Tourism had started to revive somewhat early this year, but the war in Ukraine crimped a boom of Russian visitors, who accounted for almost a third of the tourists arriving in Cuba last year.

The hotel’s first floors appeared to have suffered most of the damage from Friday's blast. The missing walls made it possible to distinguish mattresses, pieces of furniture, hanging glass, tattered curtains and cushions covered in dust.

AP Photo/Ramon Espinosa
A member of a rescue team walks past a crushed car at the site of a deadly explosion that destroyed the five-star Hotel Saratoga, in Havana, Cuba, Friday, May 6, 2022.AP Photo/Ramon Espinosa

Dr. Julio Guerra Izquierdo, chief of hospital services at the Ministry of Health, said at least 74 people had been injured. Among them were 14 children, according to a tweet from the office of President Miguel Díaz-Canel.

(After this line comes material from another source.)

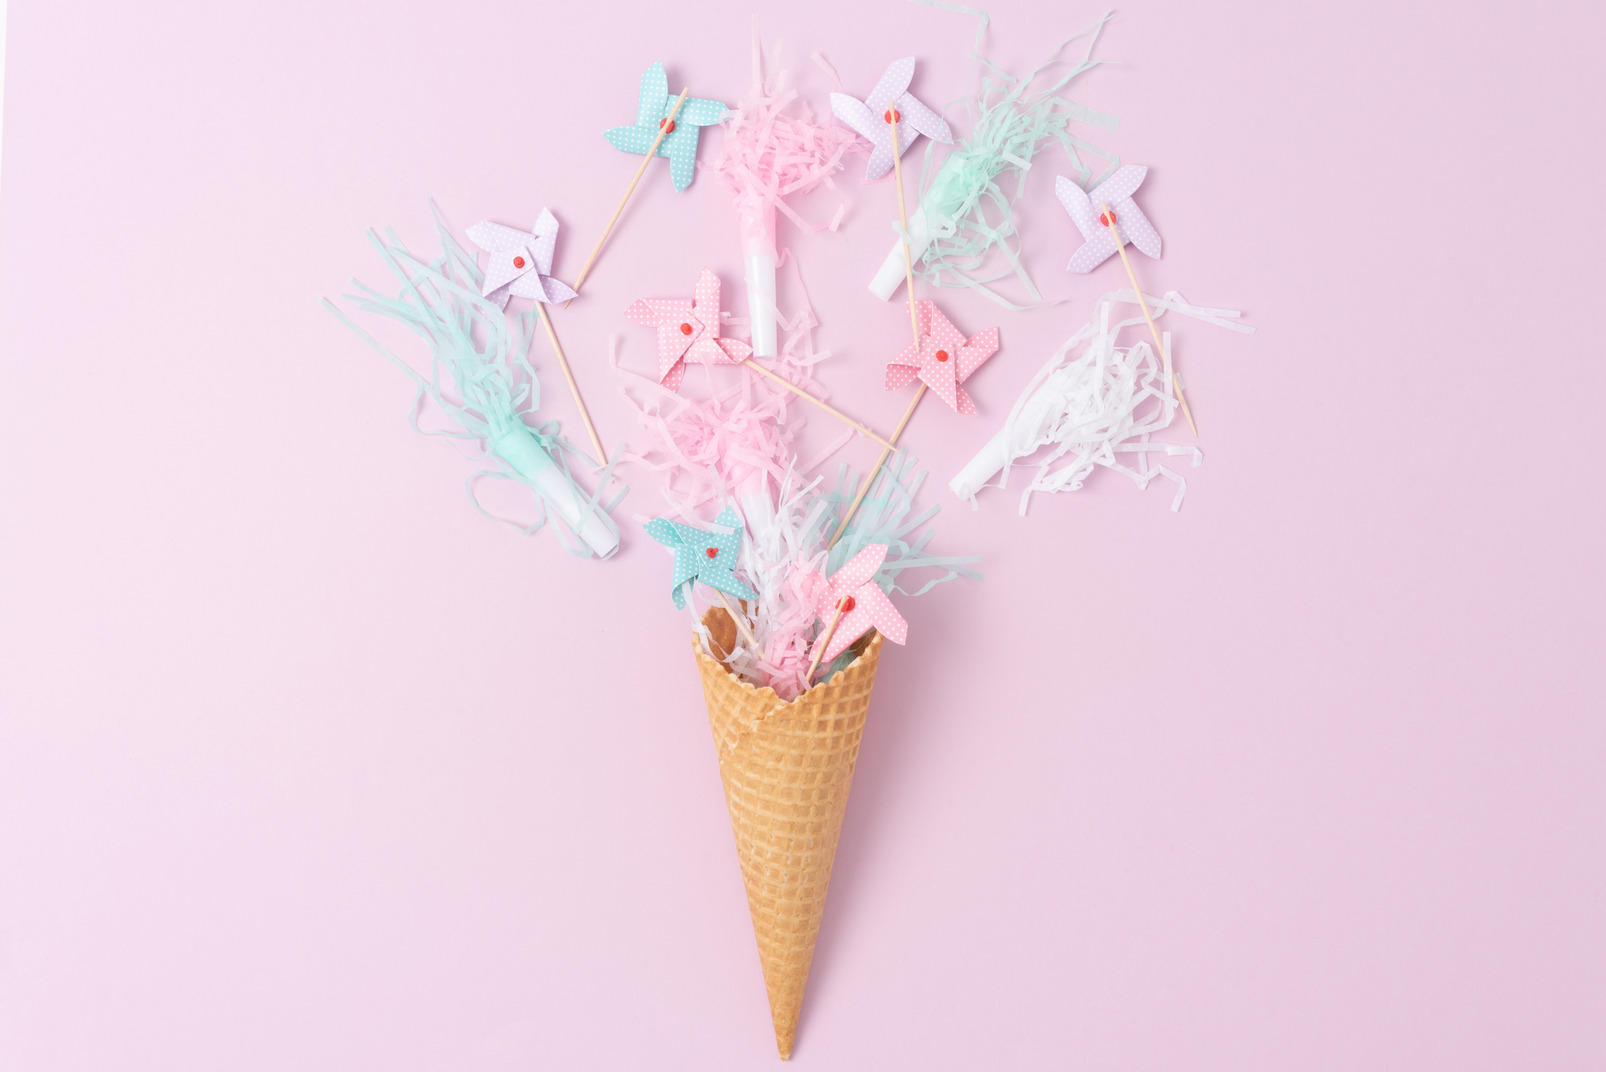 Pastel pinwheels and party horns in an ice cream cone

Cuba’s national health minister, José Ángel Portal, told The Associated Press the number of injured could rise as the search continues. Fire Department Lt. Col. Noel Silva said rescue workers were still looking for a large group of people who may be under the rubble.

The search continued through the night. The shattered hotel remained cordoned off as workers operated heavy machinery to lift huge pieces of wall and masonry and trucks left the site loaded with rubble. Firefighters and rescue workers toiled inside the wreckage.

Authorities refused to release the names of the dead, even to their relatives. Authorities placed emergency lights at the site and brought in trained dogs to help in the search.

Rescuers declined to answer questions because the authorities had ordered them not to to avoid confusion.

A 300-student school next to the hotel was evacuated. Havana Governor Reinaldo García Zapata said five of the students suffered minor injuries.

The emblematic hotel is about 100 meters from Cuba’s Capitol building, which had broken glass and damaged masonry after the explosion.

The hotel was first renovated in 2005 as part of the Cuban government’s revival of Old Havana and is owned by the Cuban military’s tourism business arm, Grupo de Turismo Gaviota SA. The company said it was investigating the cause of the blast.

In the past, the Hotel Saratoga has been used by visiting VIPs and political figures. Beyoncé and Jay-Z stayed there in 2013.